[Requirement]
Leave out the pictures and reproduce all of the data exactly.

═════ Provided material ═════

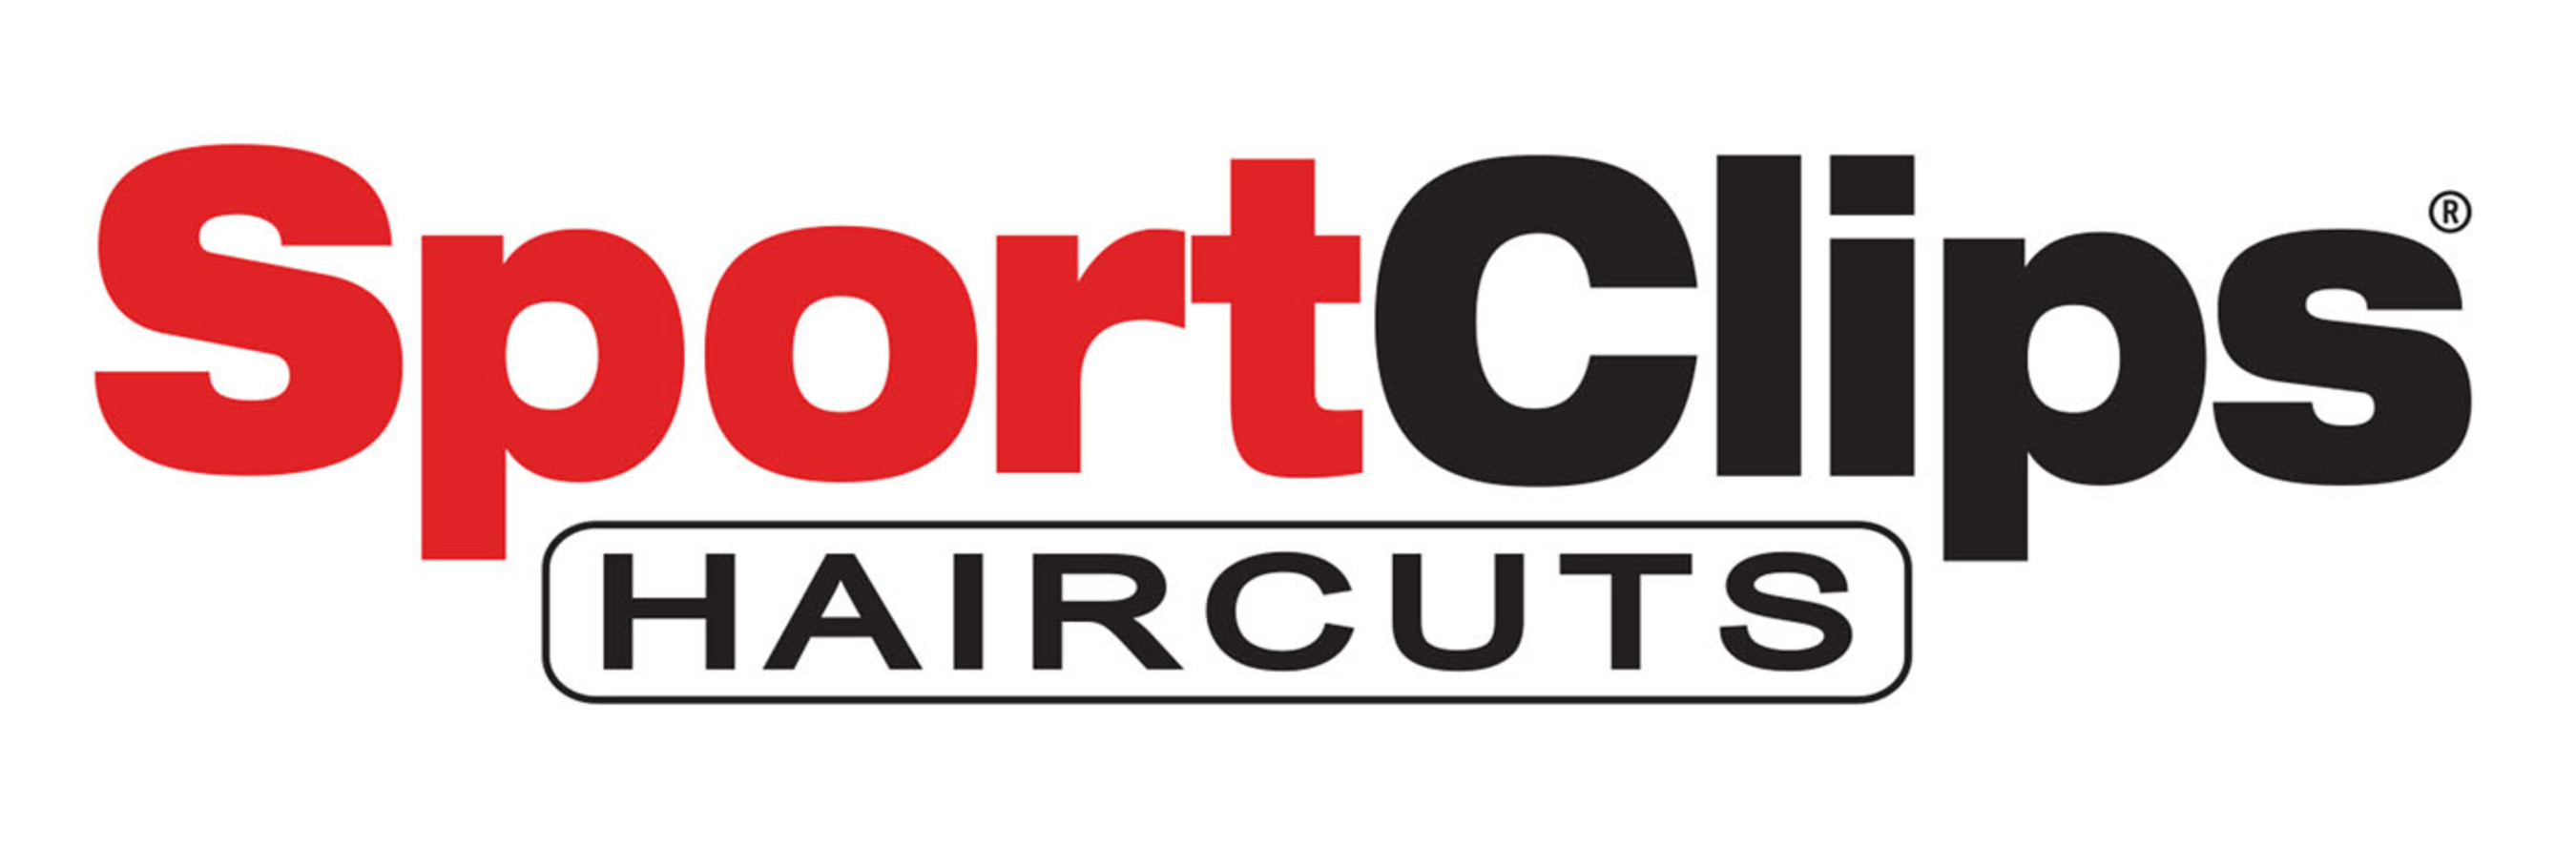 Sport Clips Haircuts.
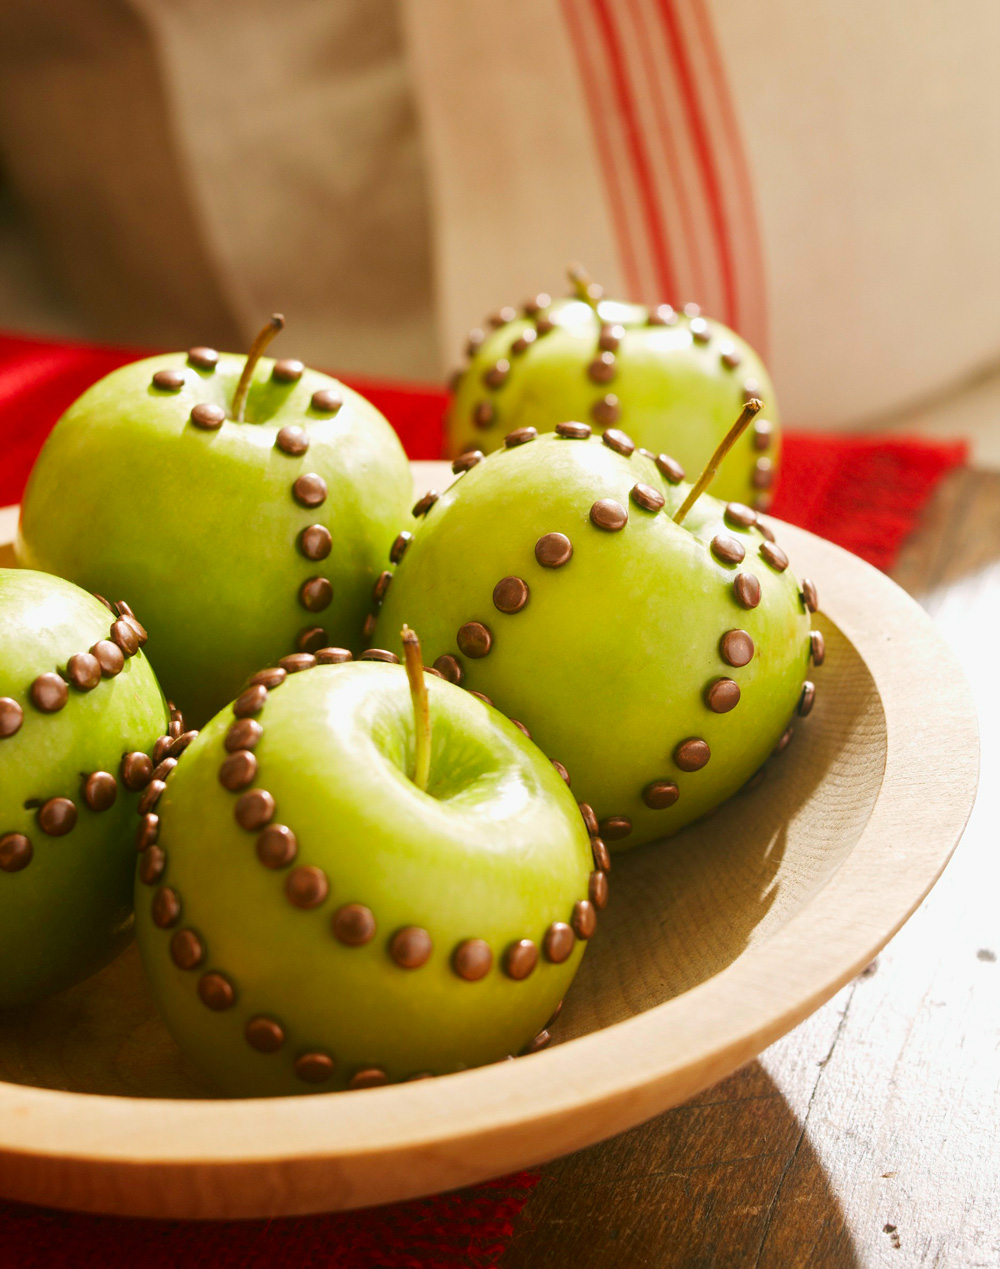 Dress up fruit
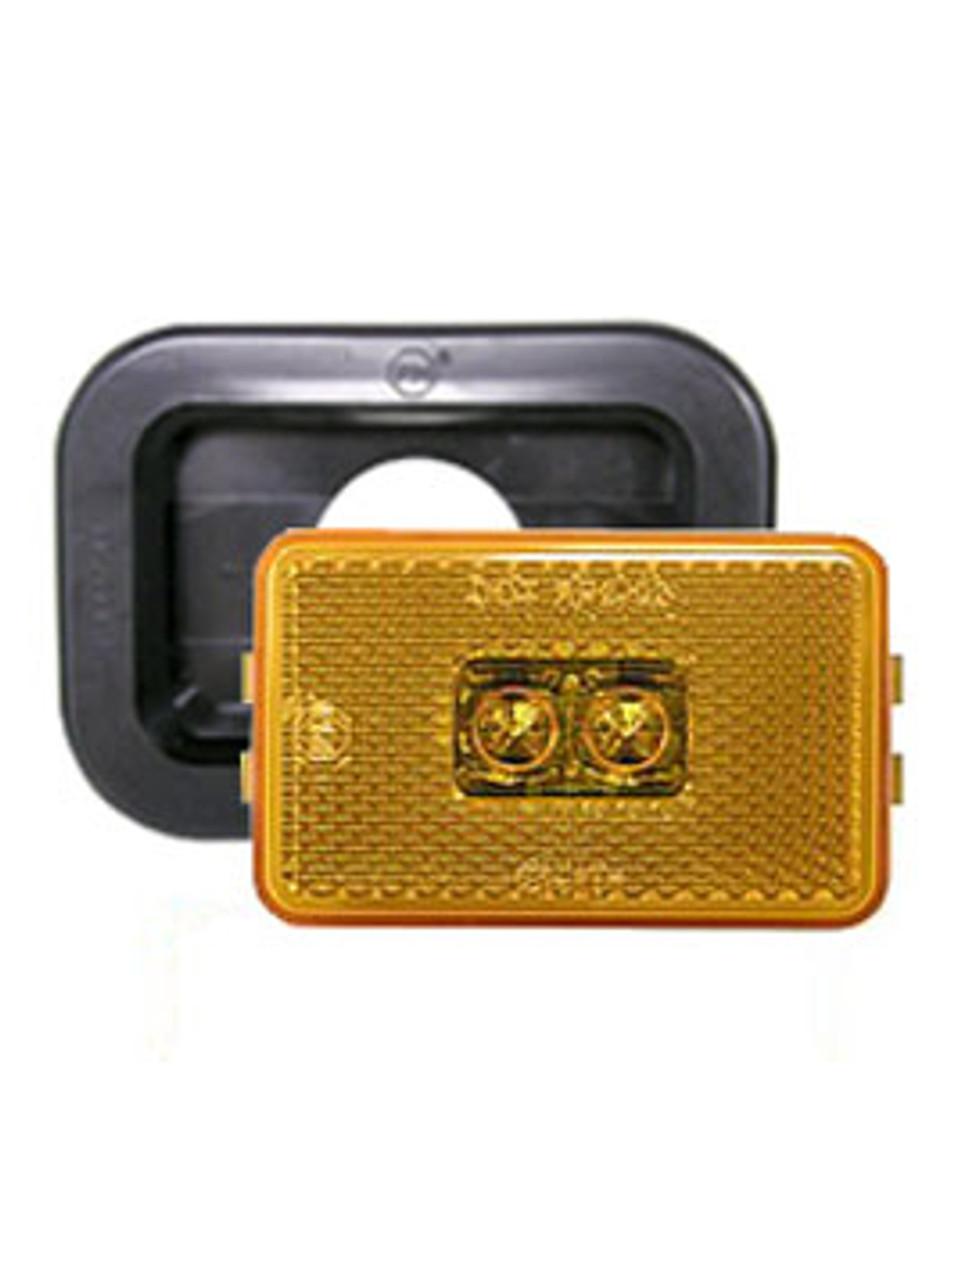 LED129KA2 --- LED Rectangular Sealed Clearance/Side Marker Light Kit - Amber

═════

[Completed task]
 Sport Clips Haircuts.
 Dress up fruit
 LED129KA2 --- LED Rectangular Sealed Clearance/Side Marker Light Kit - Amber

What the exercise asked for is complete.